Congress should stop lining the pockets of drug corporations and their CEOs

Congress should stop lining the pockets of drug corporations and their CEOs

Who is the Republican Congress helping? Ian Read, the Pfizer CEO who raked in compensation of $17.3 million last year, or Ann Serafin, a Michigan woman living with multiple sclerosis who counts on Medicare for her survival?

The GOP-led House and Senate showed that they’re solidly on the side of Read and other billionaires.

In a 227-205 vote in the House, and a 51-49 vote in the Senate, Republicans in Congress passed legislation showering tax breaks on corporations and the rich — all to be paid for with huge cuts for health care and other necessities. Thirteen Republican representatives voted no in the House, and one voted no in the Senate. The rest stood with the big-money donors.


The cruelty is staggering. Congress plans to slash Medicare by almost $500 billion and Medicaid and other health programs by at least $1.3 trillion to cover the cost of these tax breaks for drug corporations, their CEOs, and other mega-rich individuals like Pfizer’s Read.

That’s going to devastate people like Serafin, who has lived with multiple Sclerosis for more than two and a half decades and needs Medicare and her secondary insurance to cover her medical bills — including her medications. Without Medicare, she says, she and her husband would go bankrupt.

Meanwhile, look at the price-gouging these drug corporations engage in to amass exorbitant profits.

A few years after her diagnosis, Serafin says she began using a medication priced at $8,000 year — a price the manufacturer later raised to $84,000. After ten years, she switched prescriptions, to one priced by its manufacturer at $75,000 a year.
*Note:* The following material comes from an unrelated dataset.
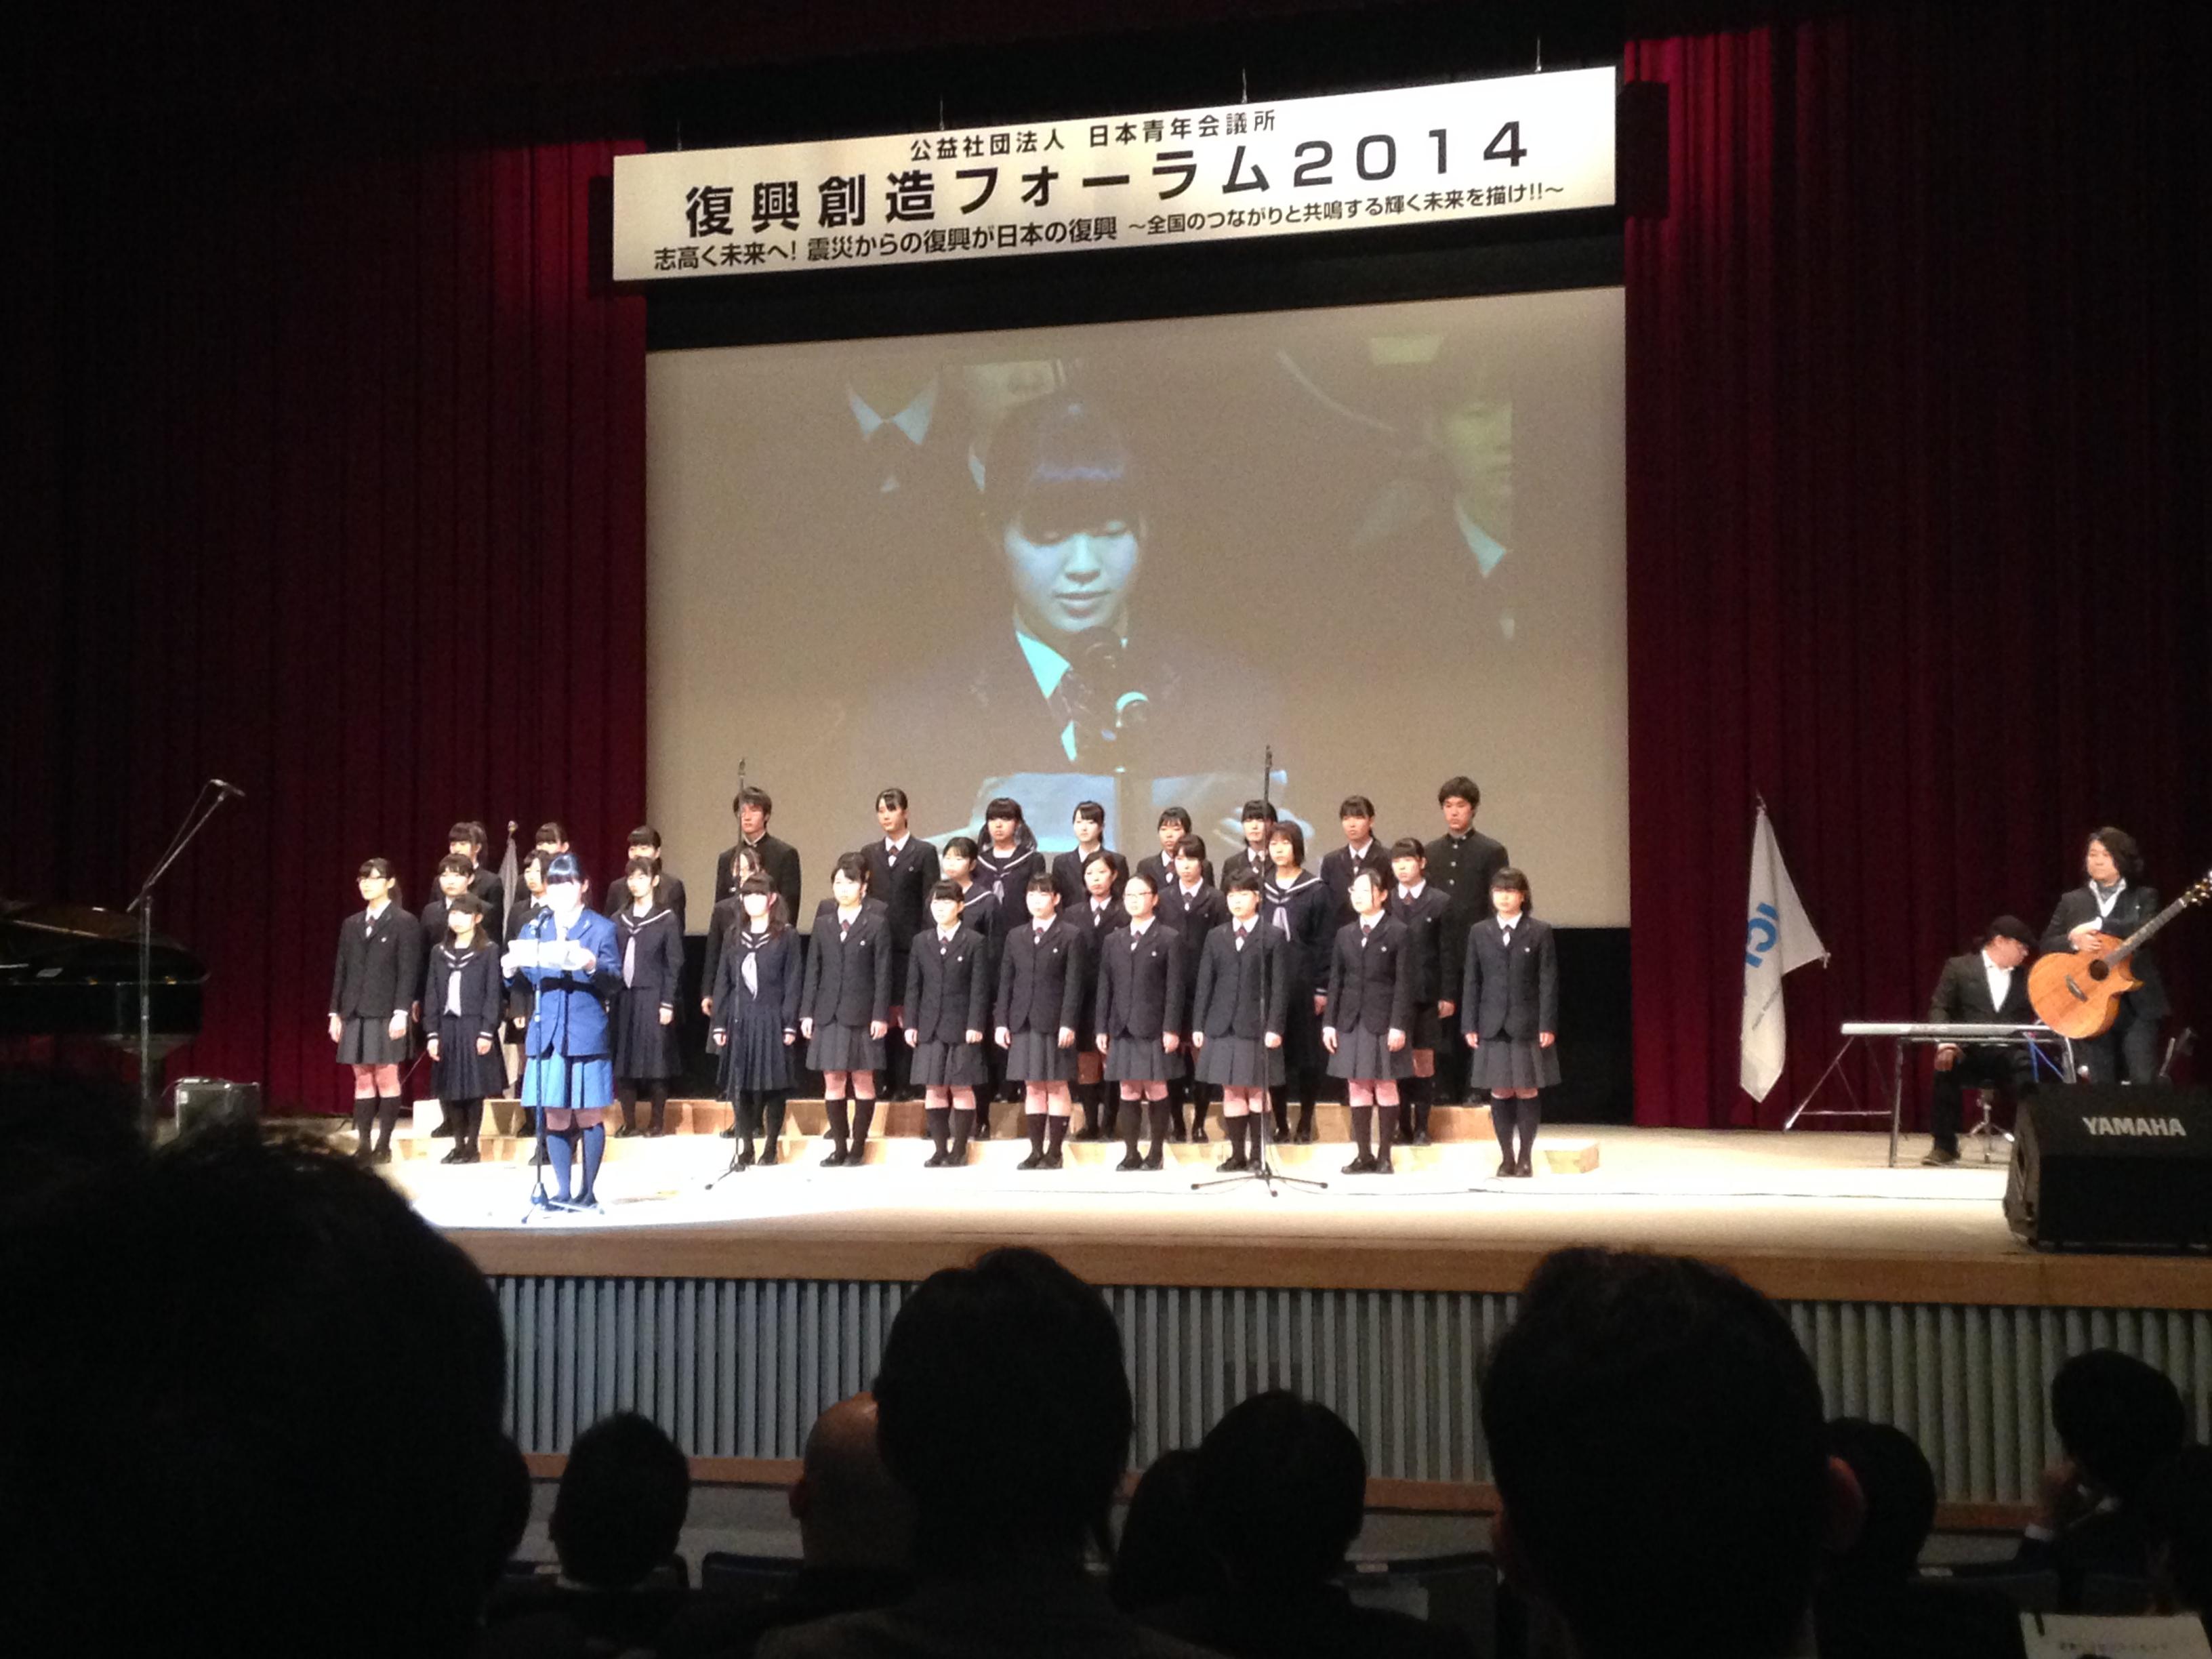 20140309_復興創造フォーラム2日目 (29)

The drug corporations are getting away with murder, using a profit-maximizing business model that “recognizes that most people will not be able to afford the drug.”

The price-gouging and profiteering are a matter of life and death for people like Serafin. Without Medicare, Serafin wouldn’t stand a chance.

Of course, even people with good insurance struggle with the price of medications, including a large share of seniors enrolled in Medicare.

Shouldn’t Congress put their interests first?

Instead, GOP leaders in D.C. are moving a tax plan that throws giveaways at drug corporations like Pfizer, which raised the prices of 91 drugs by an average of 20 percent this year.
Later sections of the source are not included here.